Have you looked at them yet?


----------



## Bob B. (Feb 7, 2013)

*#736 - Binding Drivers & Shifting Armature Shaft*

The solution to the 736 locomotive forward speed issue turned out to be two-fold:
the rear set of drivers was actually binding in one spot in the forward direction only which I thought was pretty weird. But prying the wheels apart a tiny bit on the axle stopped them rubbing on the frame while rotating in a forward direction. Second, the armature was indeed being forced up towards the brush plate when the motor turned in a "forward" direction. Placing a spacer washer on the bottom end of the shaft just above the snap ring and before the existing brass spacer washer stopped that movement completely.

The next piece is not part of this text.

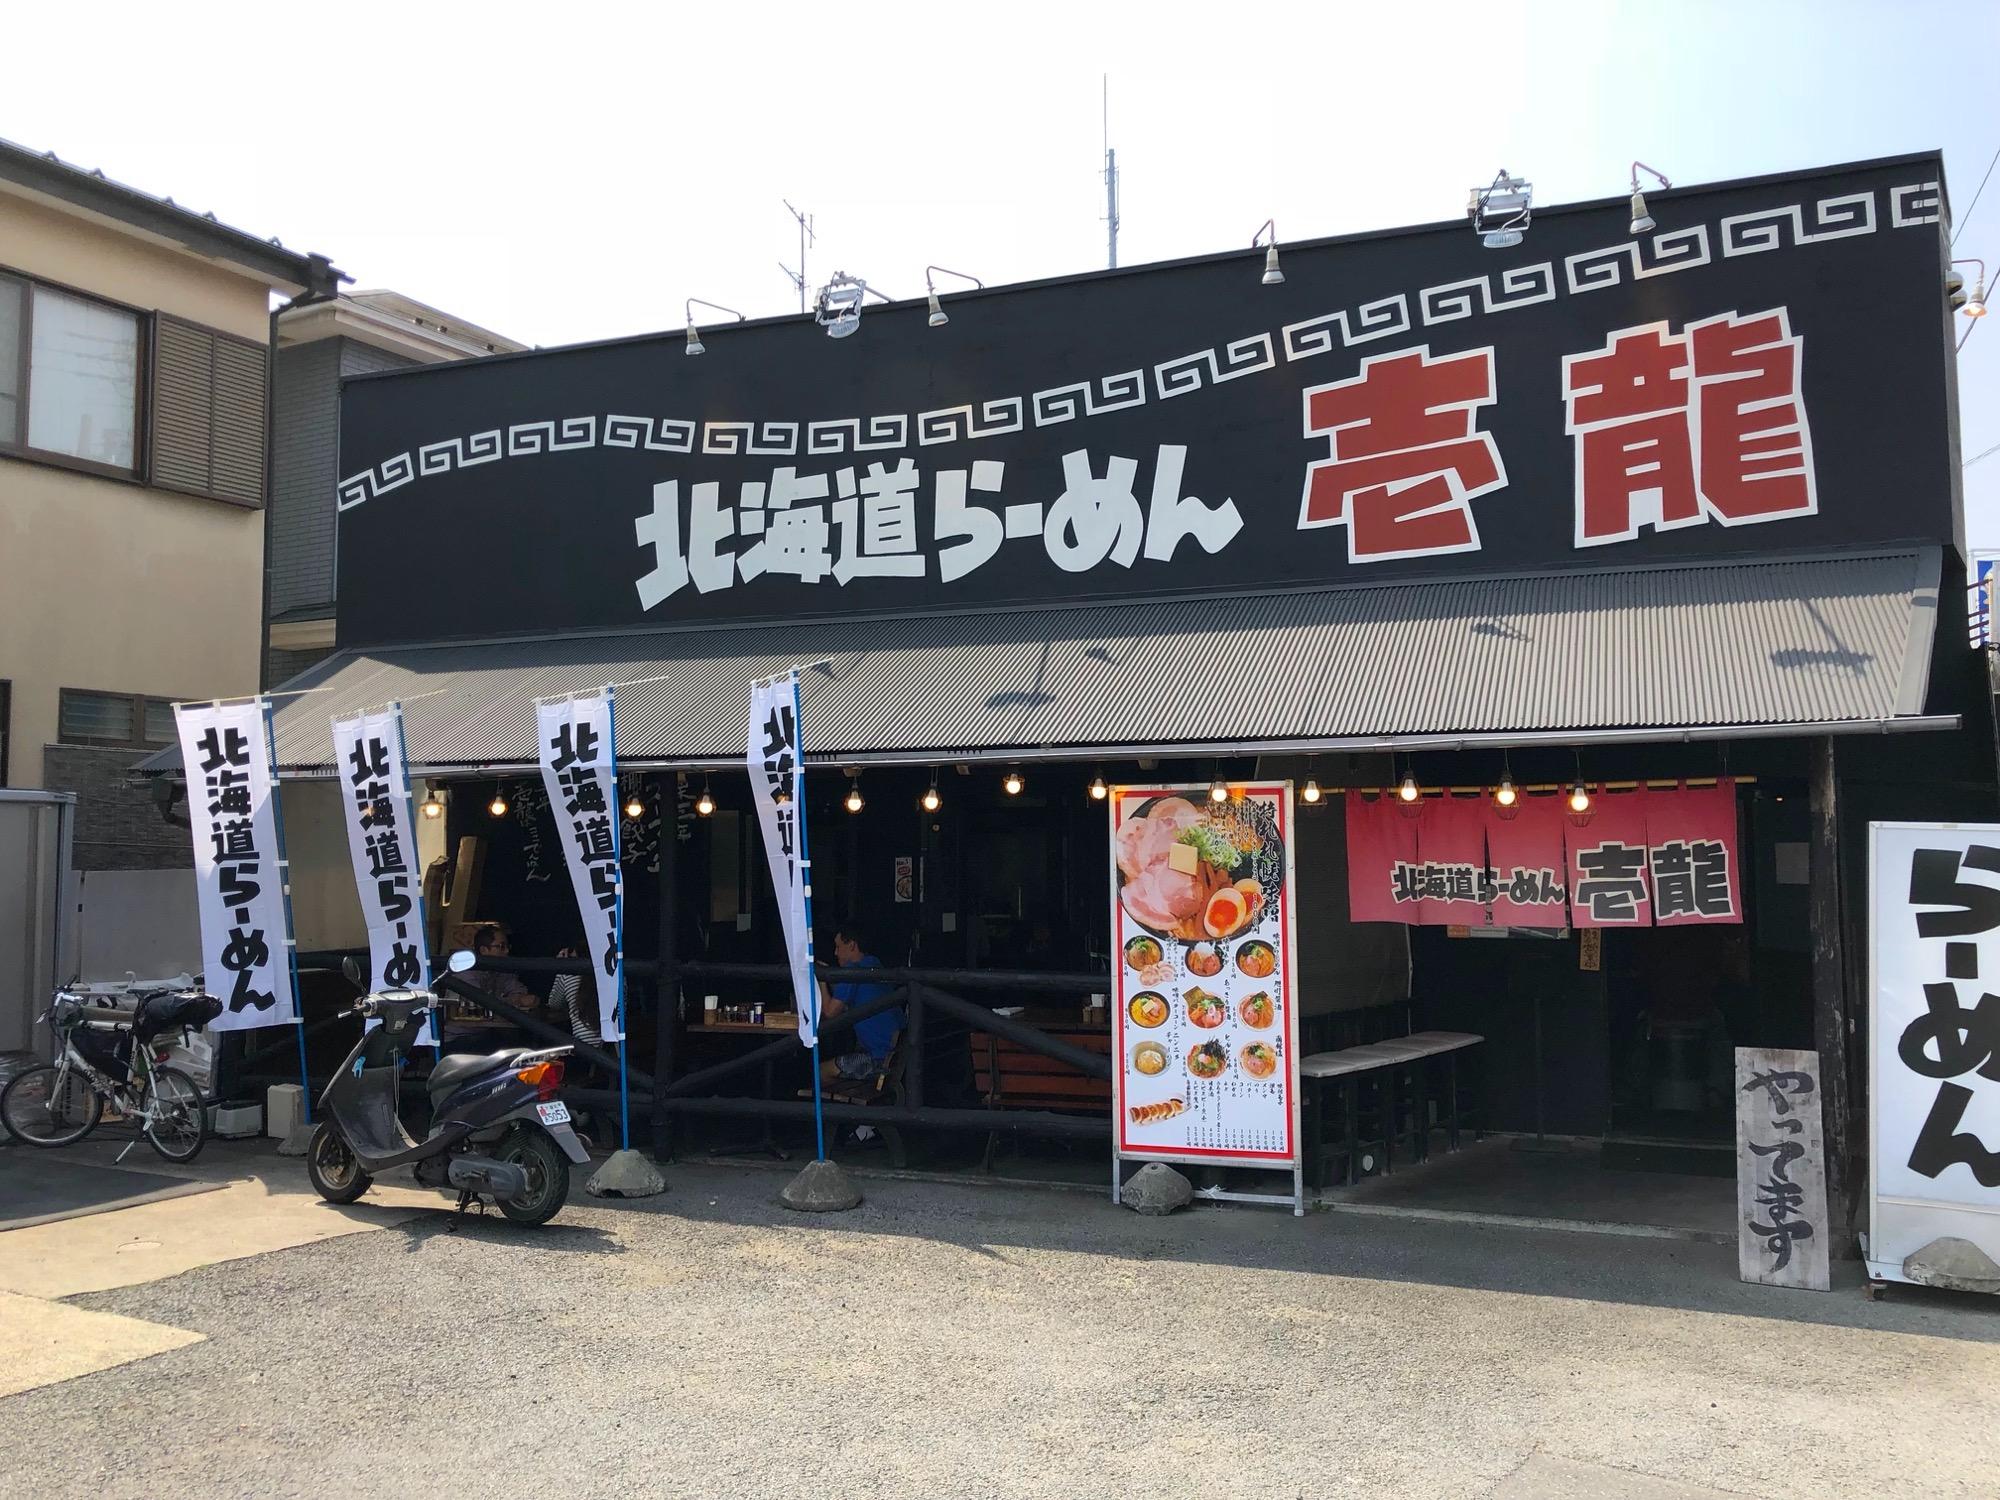 ②北海道らーめん 壱龍(神奈川)
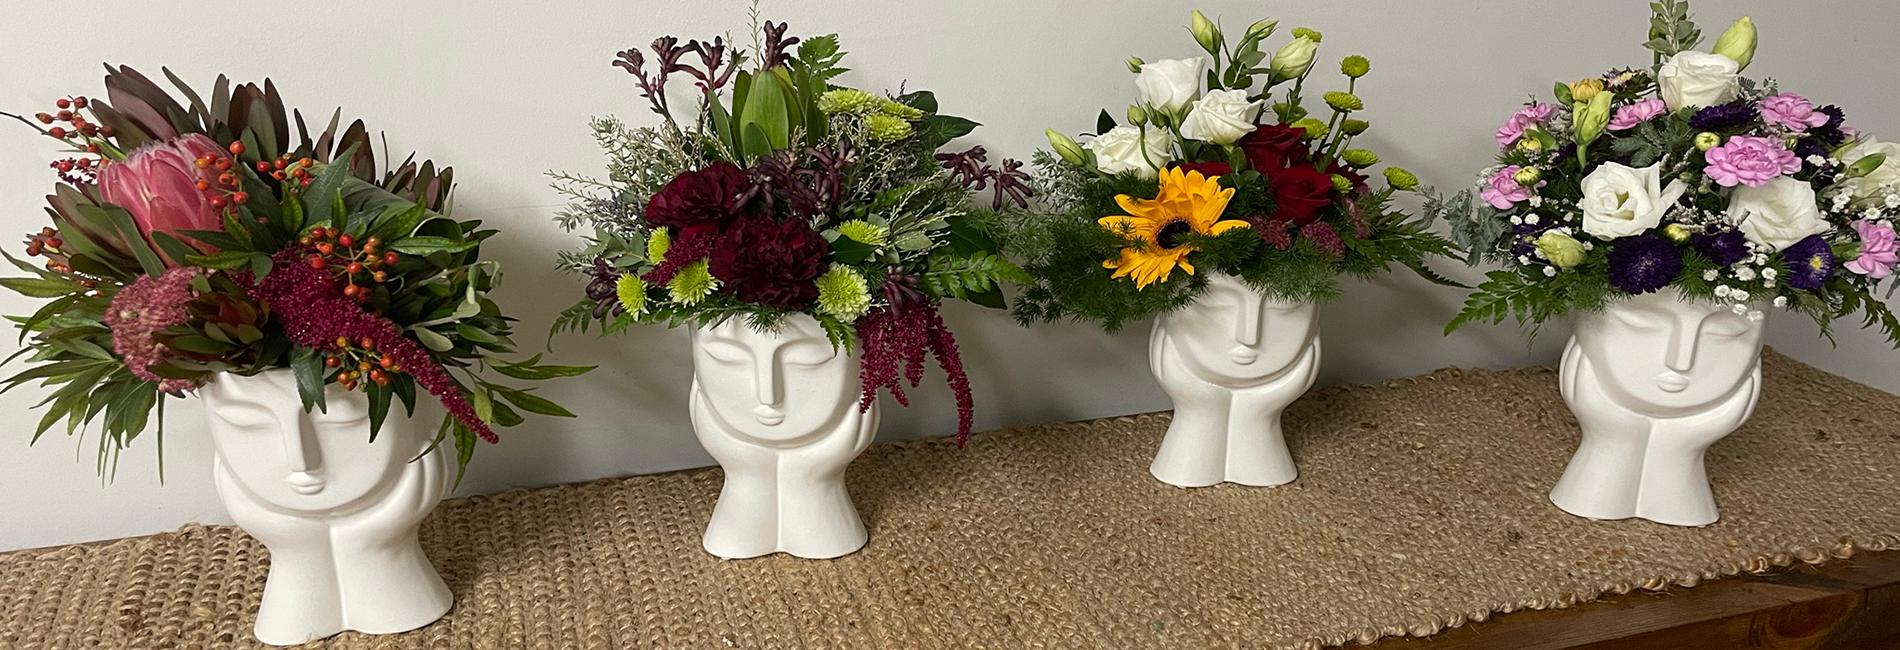 Fresh Flower Face Pots 7 1900 x 650 banner

The combination of the two changes has made this engine run like a jack rabbit and the owner will be amazed when he first places it back on his layout. No more herky-jerky forward running! I will warn him because, even with the famed Magnatraction, this thing could easily leave the rails and "join the birds" as we used to say on the good ole Big Trees & Pacific. Thanks so much for the much needed advice about what to look for. I had previously serviced the brushes but didn't change the brush springs. They seemed pretty good and are now working well.


----------